:: DATA RECORDS
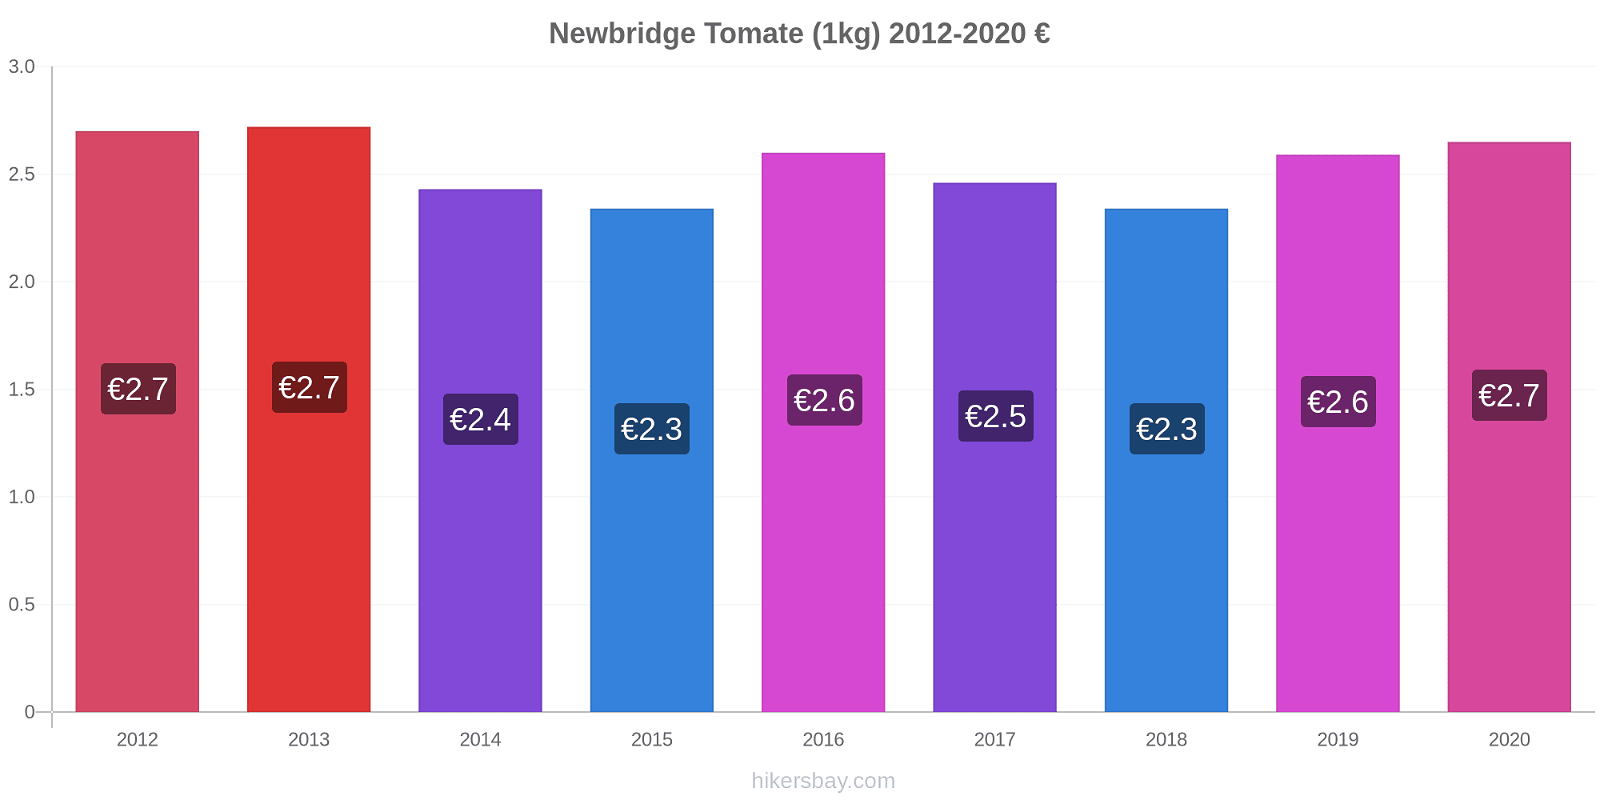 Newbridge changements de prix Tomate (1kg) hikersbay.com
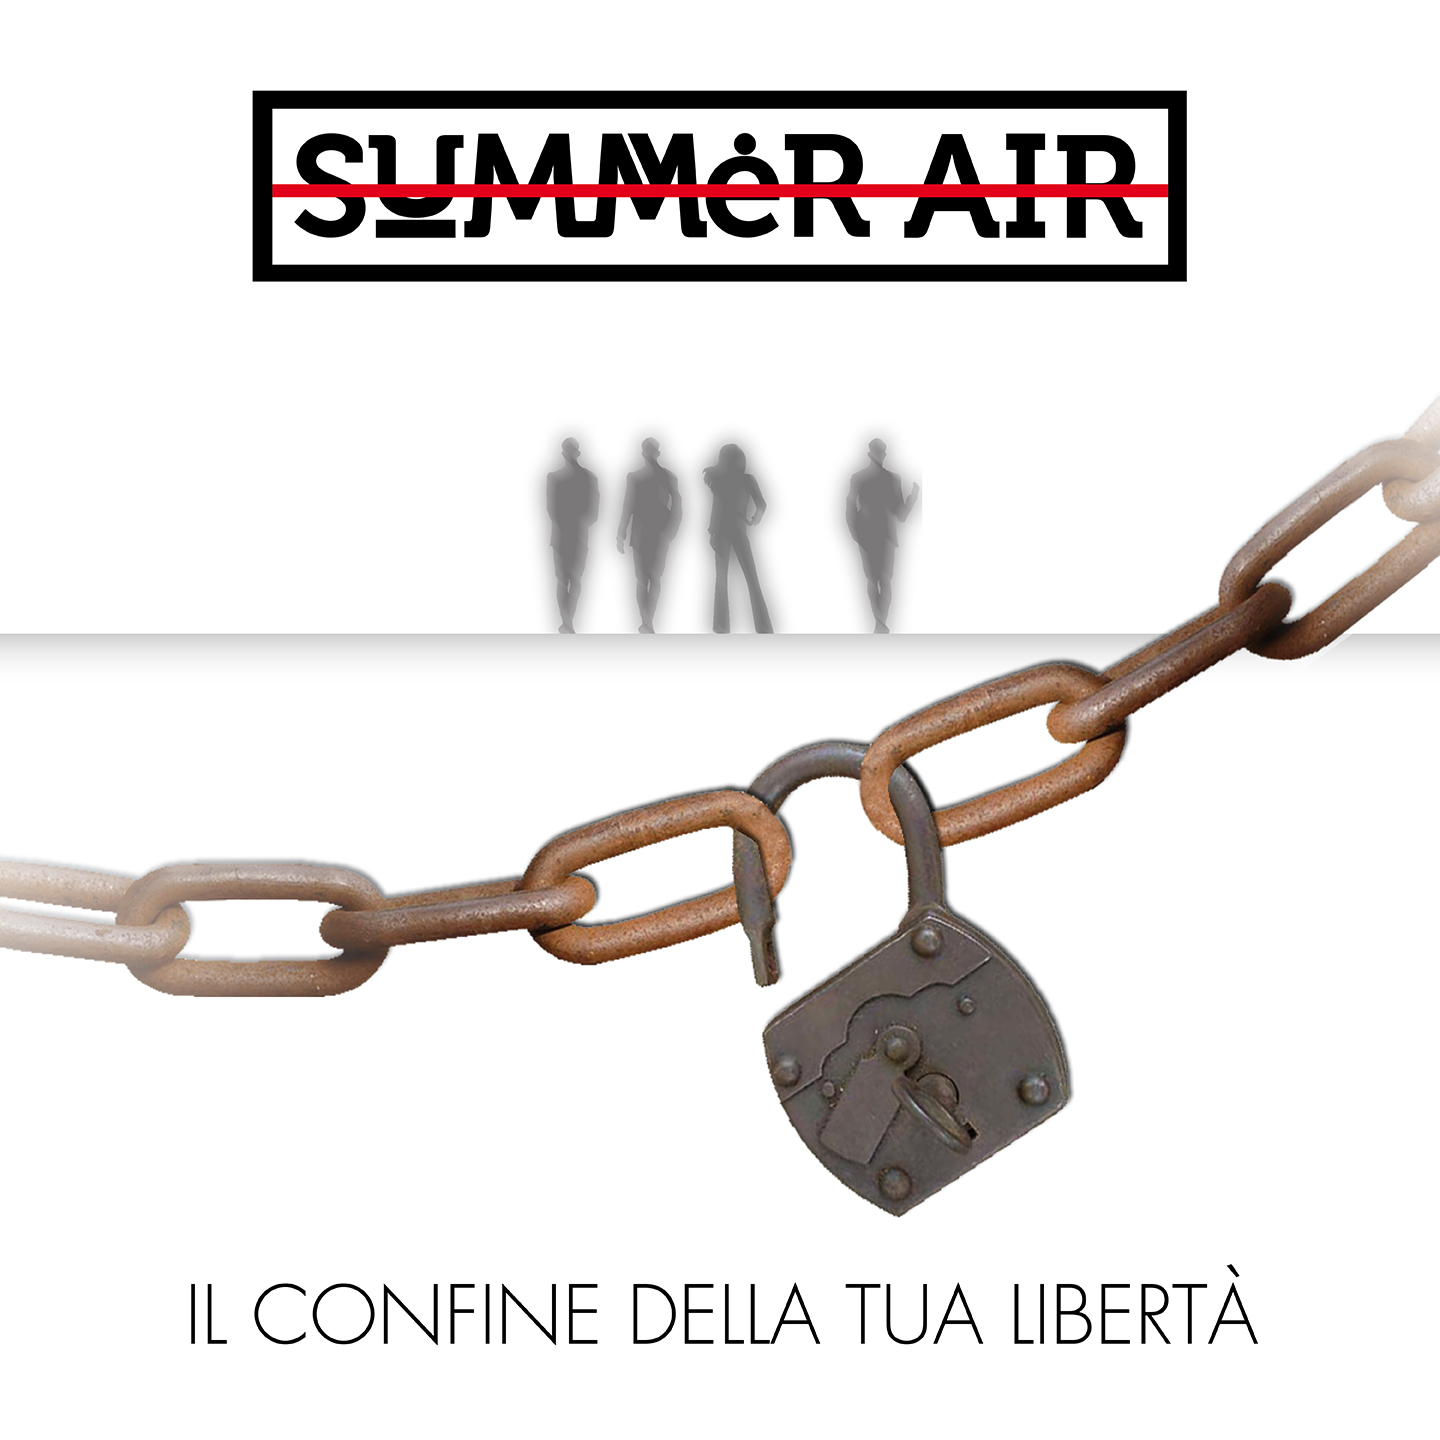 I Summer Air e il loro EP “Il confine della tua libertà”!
::::
:: DATA RECORDS
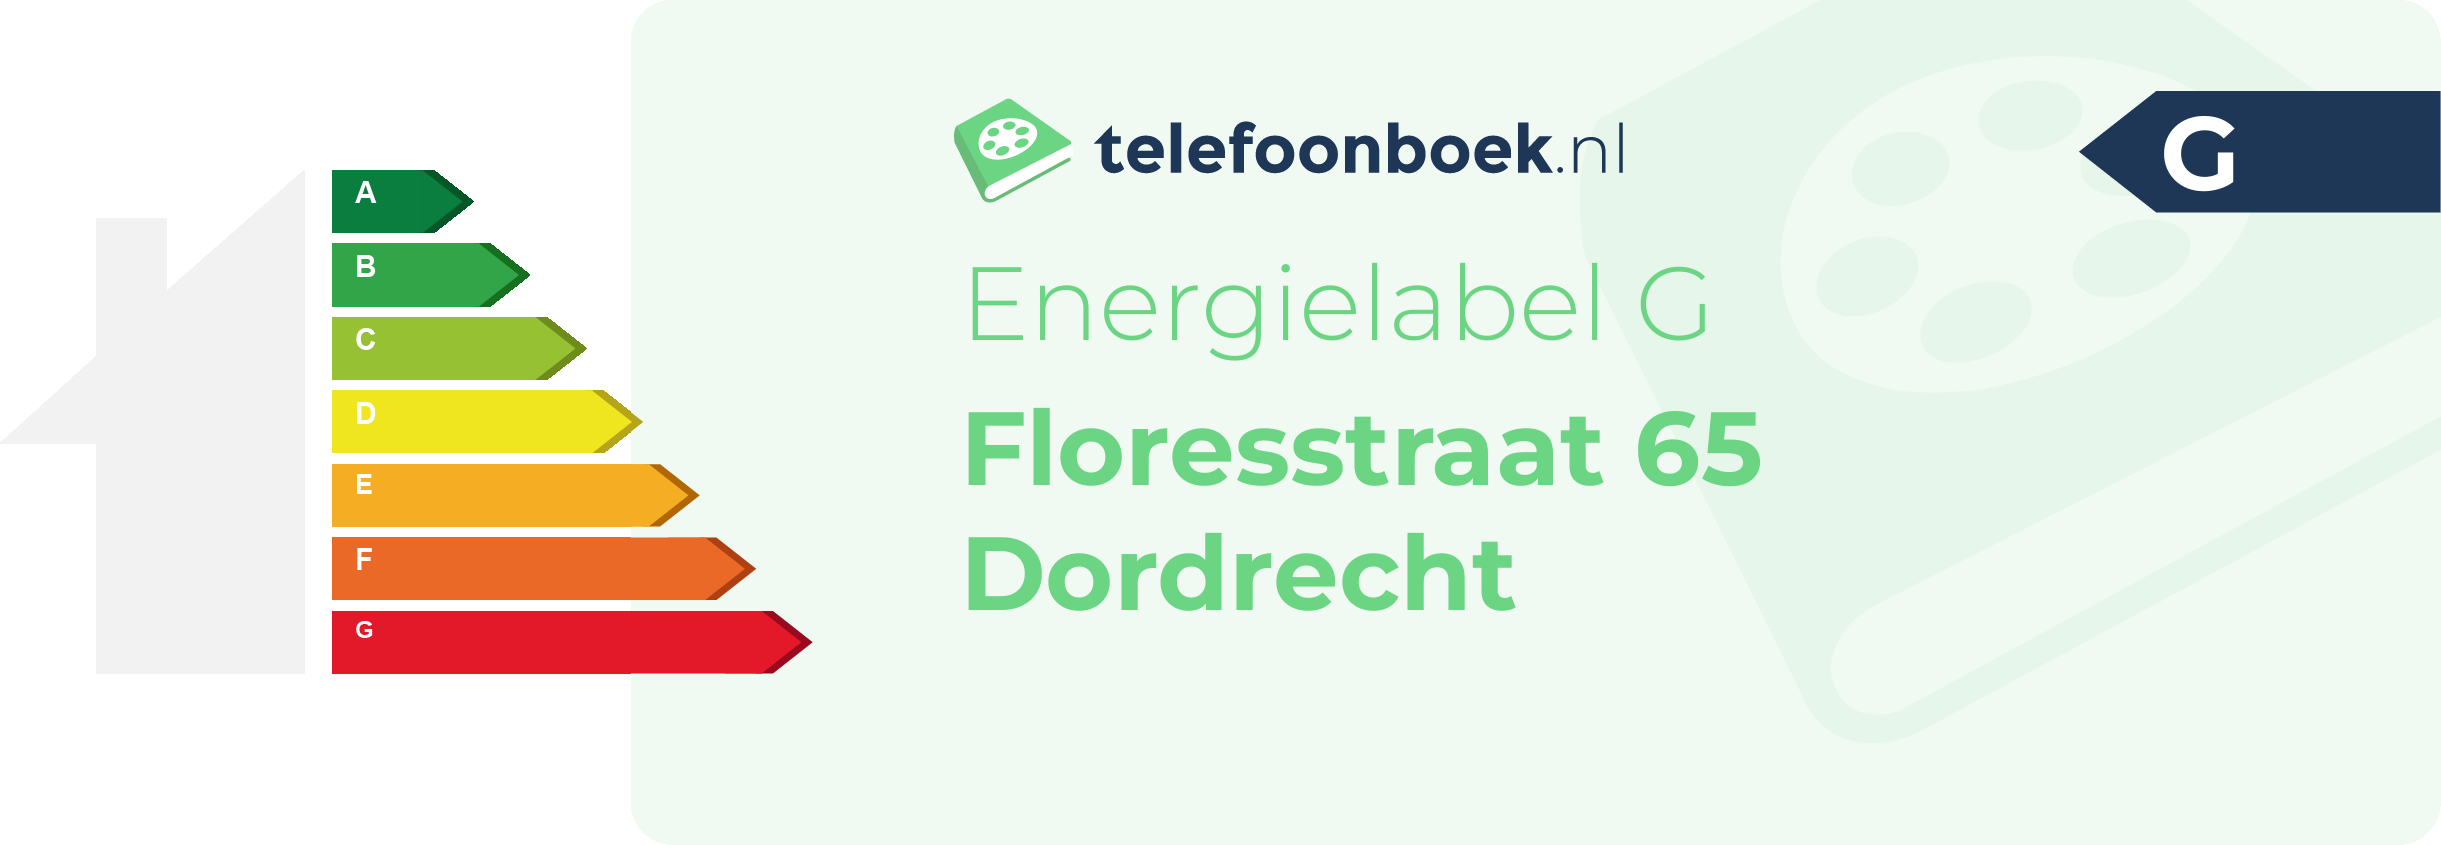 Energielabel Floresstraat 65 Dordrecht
::::
:: DATA RECORDS
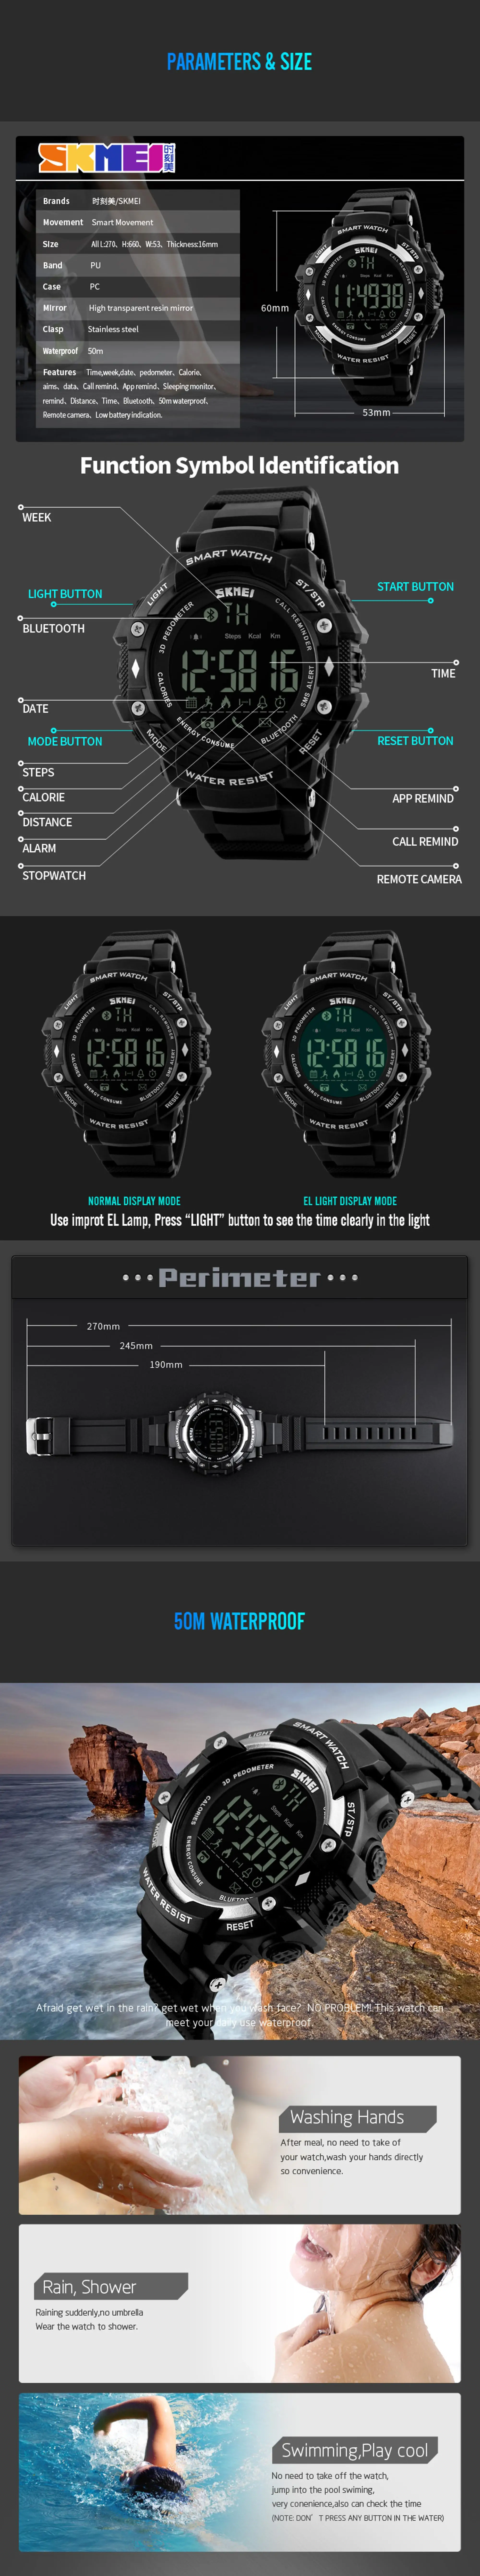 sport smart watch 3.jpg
::::
# PROBLEM DESCRIPTION
Within the listing above, the lines from the one with "Newbridge changements de" through the one with "I Summer Air" are to be given again word for word. Do not include pictures.

# OUTPUT FOR THIS TASK
 Newbridge changements de prix Tomate (1kg) hikersbay.com
 I Summer Air e il loro EP “Il confine della tua libertà”!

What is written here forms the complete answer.